(DATA EXTRACT begins)

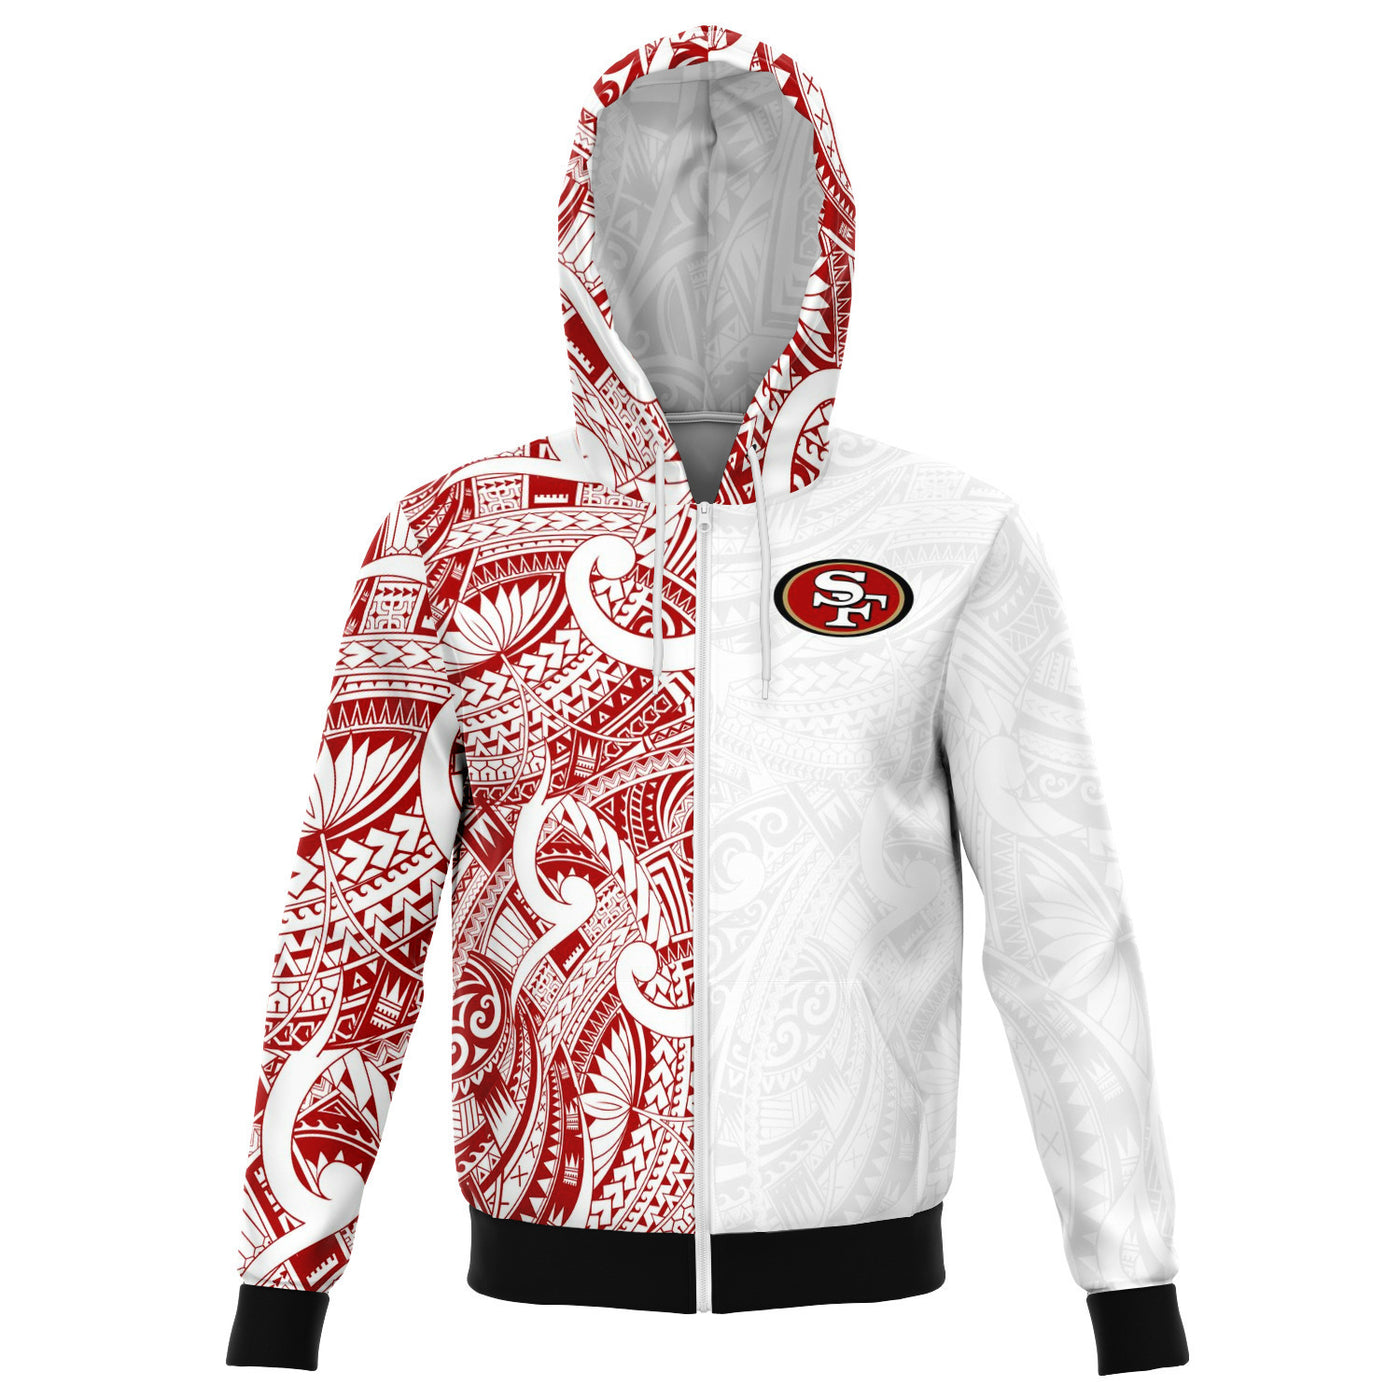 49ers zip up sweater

(DATA EXTRACT ends)
(DATA EXTRACT begins)

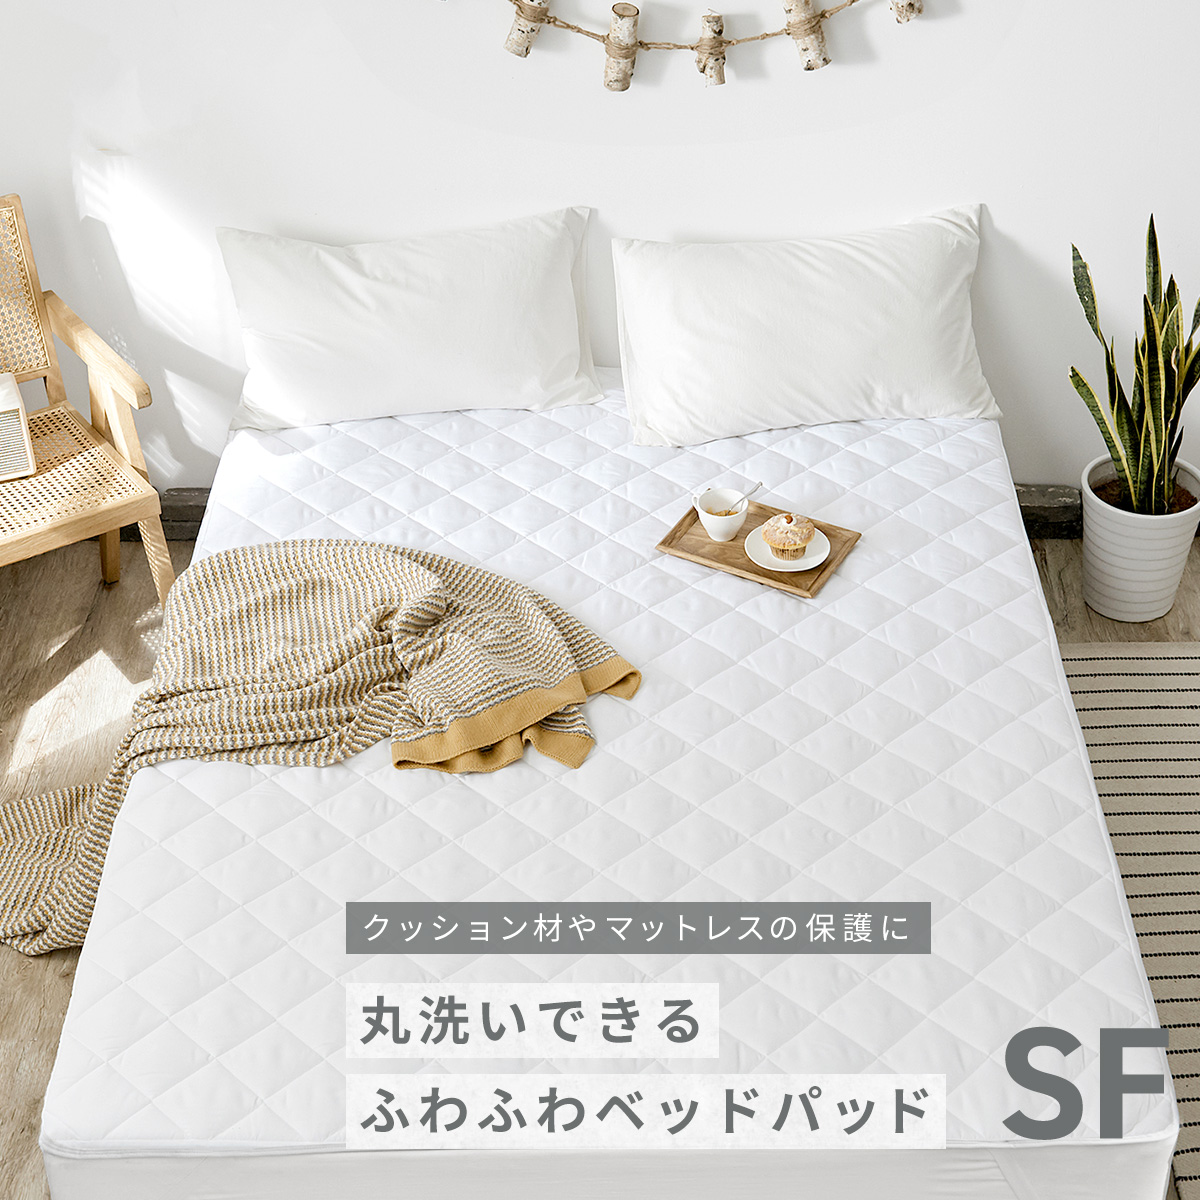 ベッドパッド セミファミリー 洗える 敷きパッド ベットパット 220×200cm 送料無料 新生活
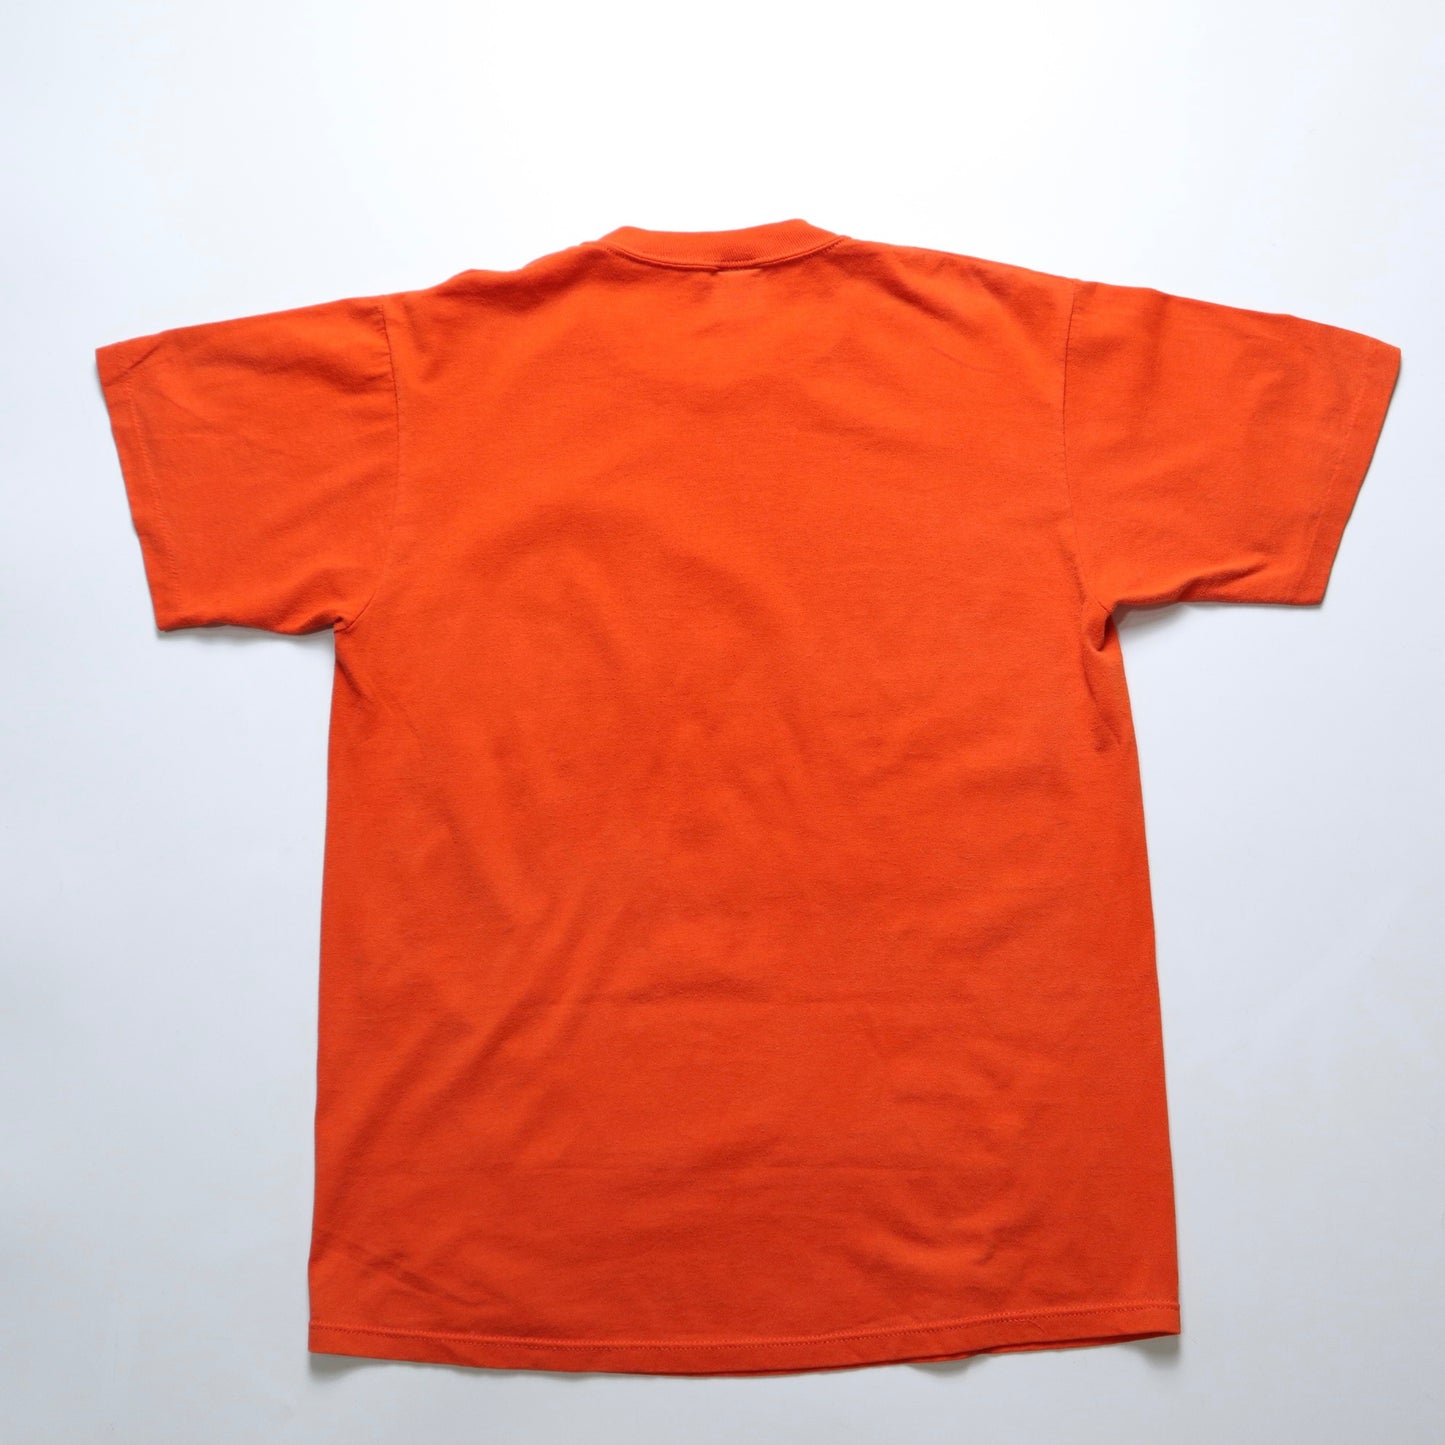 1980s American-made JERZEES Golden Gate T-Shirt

(DATA EXTRACT ends)

§ **EXERCISE DIRECTIONS**: Among the entries above, take the line with "ベッドパッド セミファミリー 洗える", the line with "1980s American-made JERZEES", and all the lines between them, and restate them word for word without pictures.

§ **RESPONSE FOR THIS EXERCISE**:
 ベッドパッド セミファミリー 洗える 敷きパッド ベットパット 220×200cm 送料無料 新生活
 1980s American-made JERZEES Golden Gate T-Shirt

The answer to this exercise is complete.